Матрена заснула рано.
Суматошный день, покупка коровы, водворение коровы в старый сарай, лошадь с телегой, взятая у мельника взаймы, поездка в Броды за сеном — вся эта суета утомила ее. В глубине души Матрена жалела, что деньги пришлось потратить на корову. С коровой слишком много возни, а Матрена чувствовала себя совсем старой, усталой и больной — домашняя работа утомляла и раздражала ее.

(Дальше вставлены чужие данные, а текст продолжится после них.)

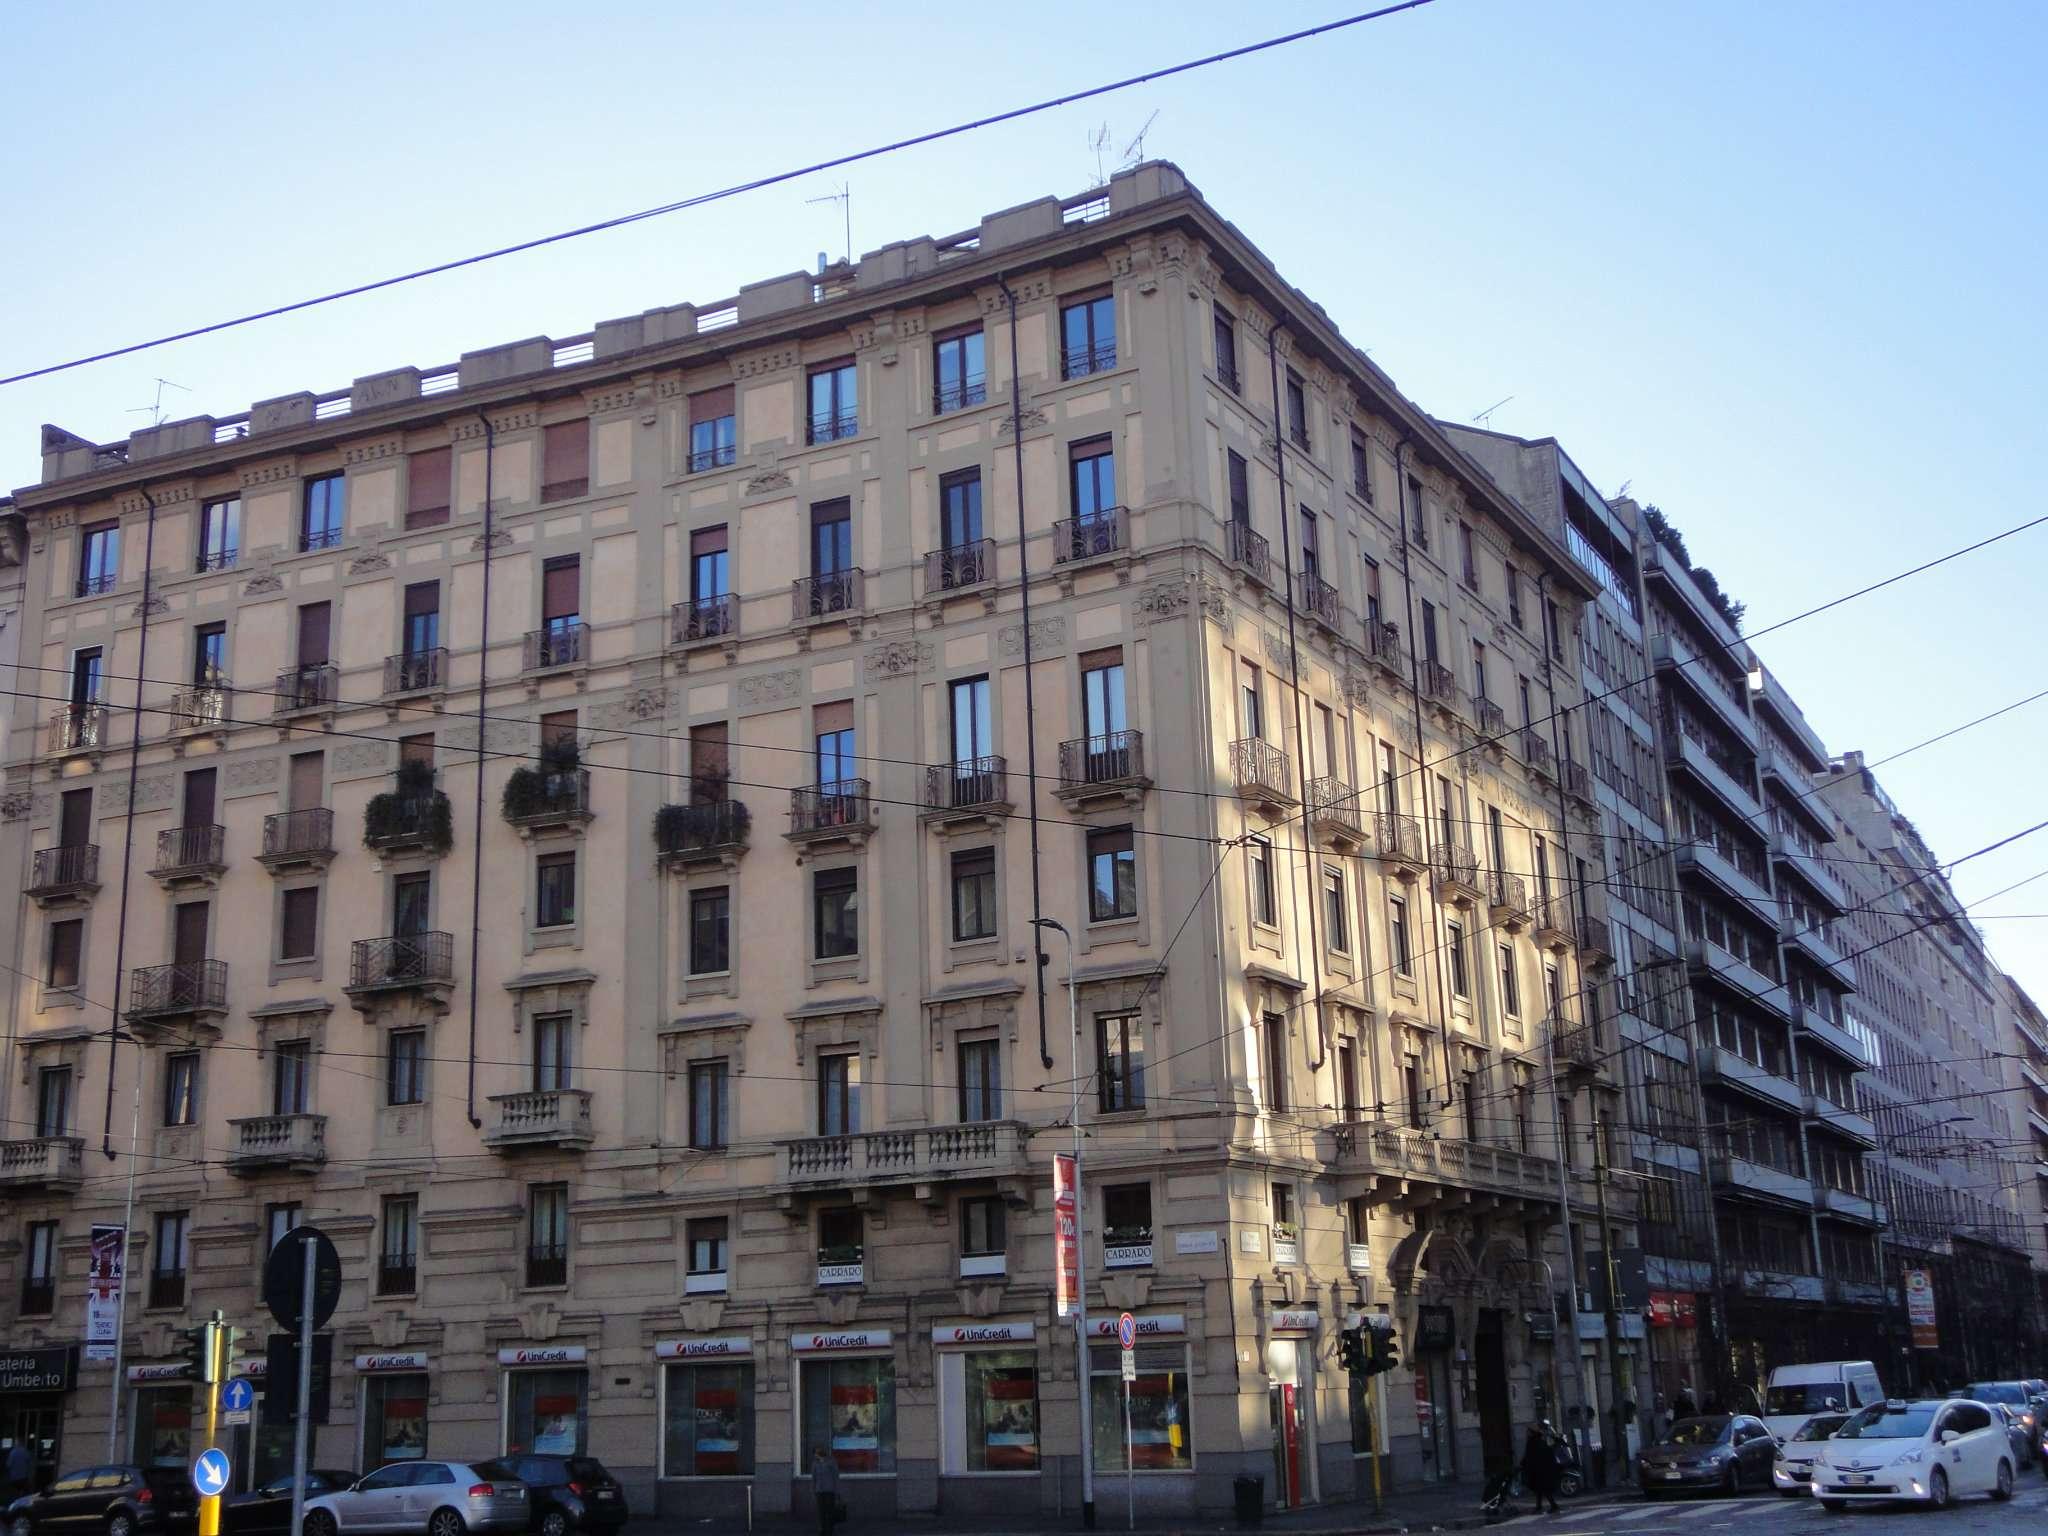 Appartamento arredato affitto a milano for Affitto arredato milano
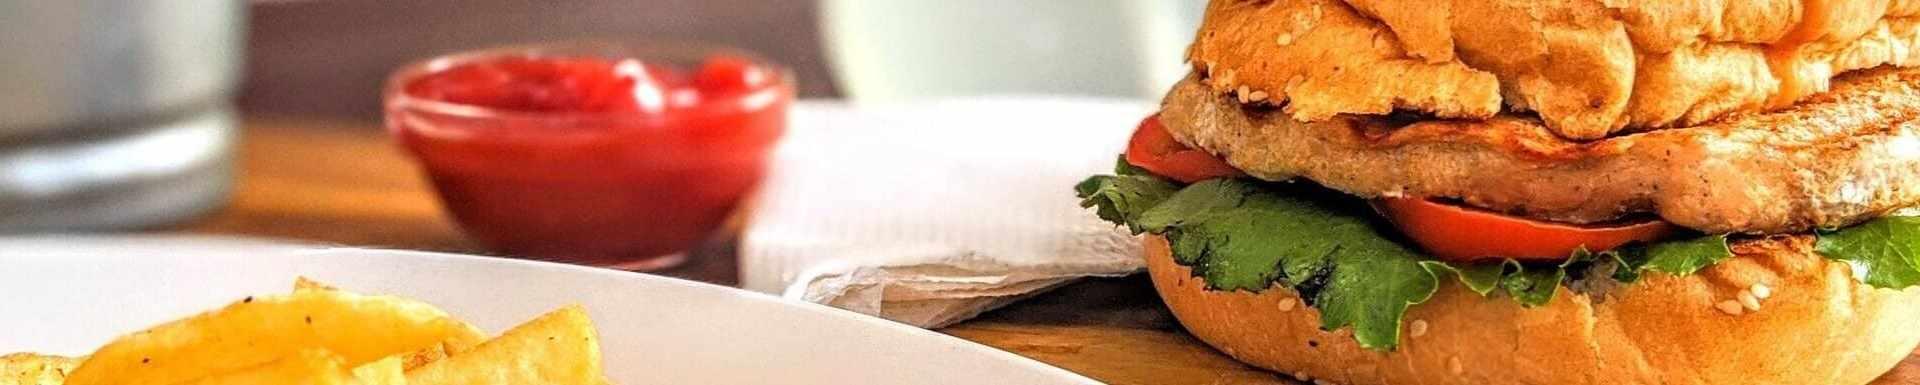 Recetas de hamburguesas de pollo - como prepararlas - Glovo

Вот теперь корми эту скотину, пои, дои ее ни свет, ни заря… а если надумаешь продать — Симка уцепится, как клещ!
Зорька… Зорька, будь она неладна!
Когда Симка и Егорка устраивали корову на новом месте — а корова так за ними шла, будто до смерти хотела жить в Матрениной развалюхе — Матрене очень хотелось пойти в трактир. Может, кто поднесет, а ежели и не поднесет, так у нее гривенничек где-то спрятан… а может, и того… полтинничек отколется с проезжающего-то…
Не ушла из-за Егорки. Ну что за парень! На что ему! Сраму захотелось, что с гулящей живет? Или — что ему надо?
Егорка Матрене не нравился.
В этом даже самой себе было стыдно признаться. С чего? Парень видный, Симка к нему льнет, как к сроднику какому, четвертной билет отвалил, как и не деньги — облагодетельствовал, да еще и с мельником, с брюхатым идолом, сам договорился и корову пригнал. Все хорошо — так нет. Не лежит к нему душа.
Неласковый он.
Даже не то, что неласковый, а не по-людски у него все. И делает-то все не по-людски, и говорит-то… Не плохо, нет, а… чудно как-то. Строго. Но не как в скиту. И не то, что по-барски. Баре — тоже люди, сколь их видела-то: и любиться, и ругаться горазды, а он… чего это Симка нашел-то в нем?
Хотя — тут спору нет, тут он по-доброму. Симку иногда родной матери не понять, а Егорка только взглянет — и сразу догадался. Даже, вроде, советуется с Симкой-то — спрашивает о чем-то, рассказывает что-то — и все этак вполголоса, чтоб только Симка и слышал… И это Матрене тоже не нравилось.
Какие это у Симки тайны-секреты от родной матери завелись? Да еще с парнем таким… на что ему Симка — дурачок, да и маленький? О чем они с ним говорить могут — взрослый парень с парнишкой по тринадцатому годочку, да еще и убогоньким?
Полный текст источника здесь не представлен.